Was waren bei der Gründung Ihres Start-ups die größten Stolpersteine?
Es gab bei Tweek nicht die großen Stolpersteine, sondern viele kleine. Das Bewältigen von unvorhergesehenen Ereignissen wie z. B. eine rasante und sich ständig verändernde Marktsituation begleitet die Gründung eines Start-Ups tagtäglich. Ein vielleicht interessanter Stolperstein aus der frühen Phase war die Zusage eines Investors, der dann zwei Tage vor dem Notartermin einen Rückzieher machte. Ich denke, das haben viele Gründer erlebt, aber in dem Moment trifft es einen. Wir haben uns nicht entmutigen lassen und zum Glück haben unsere heutigen Investoren trotz dieses Verhaltens zu uns gehalten. Heute sind wir froh über die entstandene Konstellation.

Was würden Sie rückblickend in der Gründungsphase anders machen?
Da gibt es sehr vieles. Ich würde definitiv probieren, schneller Geld aus dem Valley zu bekommen oder schneller Umsatz generieren. Unser Mittelweg eines innovativen, zunächst auf Europa fokussierten B2C-Modells war nicht sinnvoll.

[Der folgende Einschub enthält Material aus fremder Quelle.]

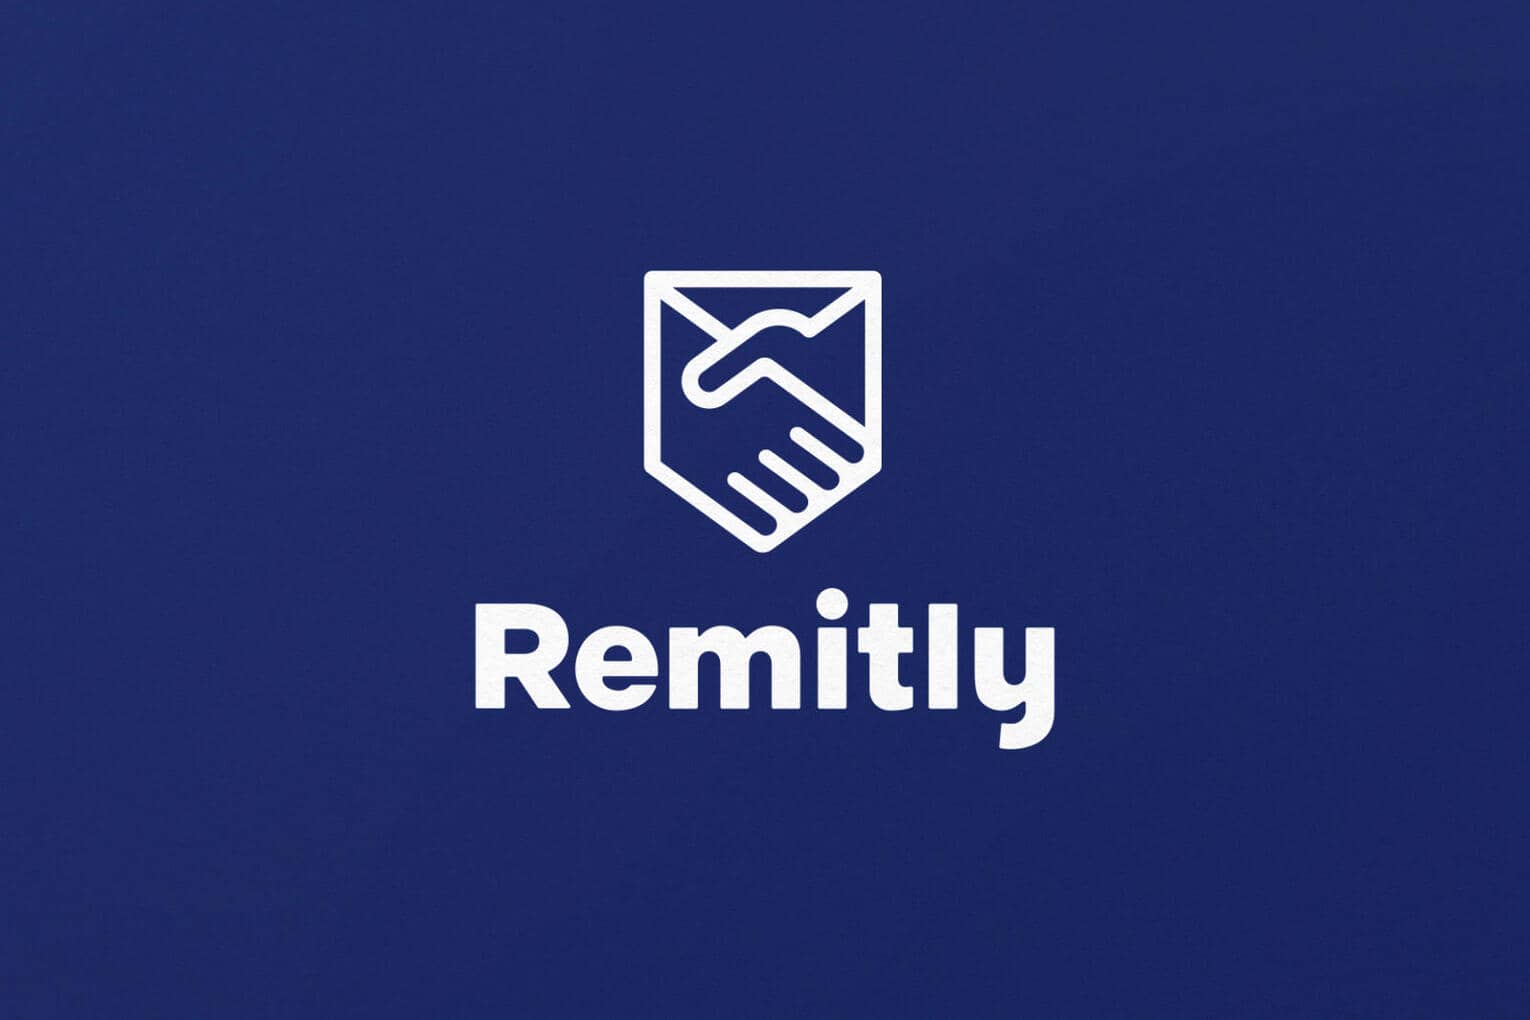 Remitly, la meilleure plateforme pour envoyer de l’argent en Colombie

Jedes Start-up muss bekannt werden. Welche Marketingspielart ist für Sie besonders wichtig?
Heute ist für uns im B2B-Segment vor allem die Referenz bestehender Kunden wichtig. Auch die Videobranche ist nicht riesig, die handelnden Personen kennen sich über die Unternehmensgrenzen hinweg. Wir setzen auf Qualität, die sich dann in der Branche rumspricht – natürlich flankiert durch entsprechende Kommunikationsmaßnahmen.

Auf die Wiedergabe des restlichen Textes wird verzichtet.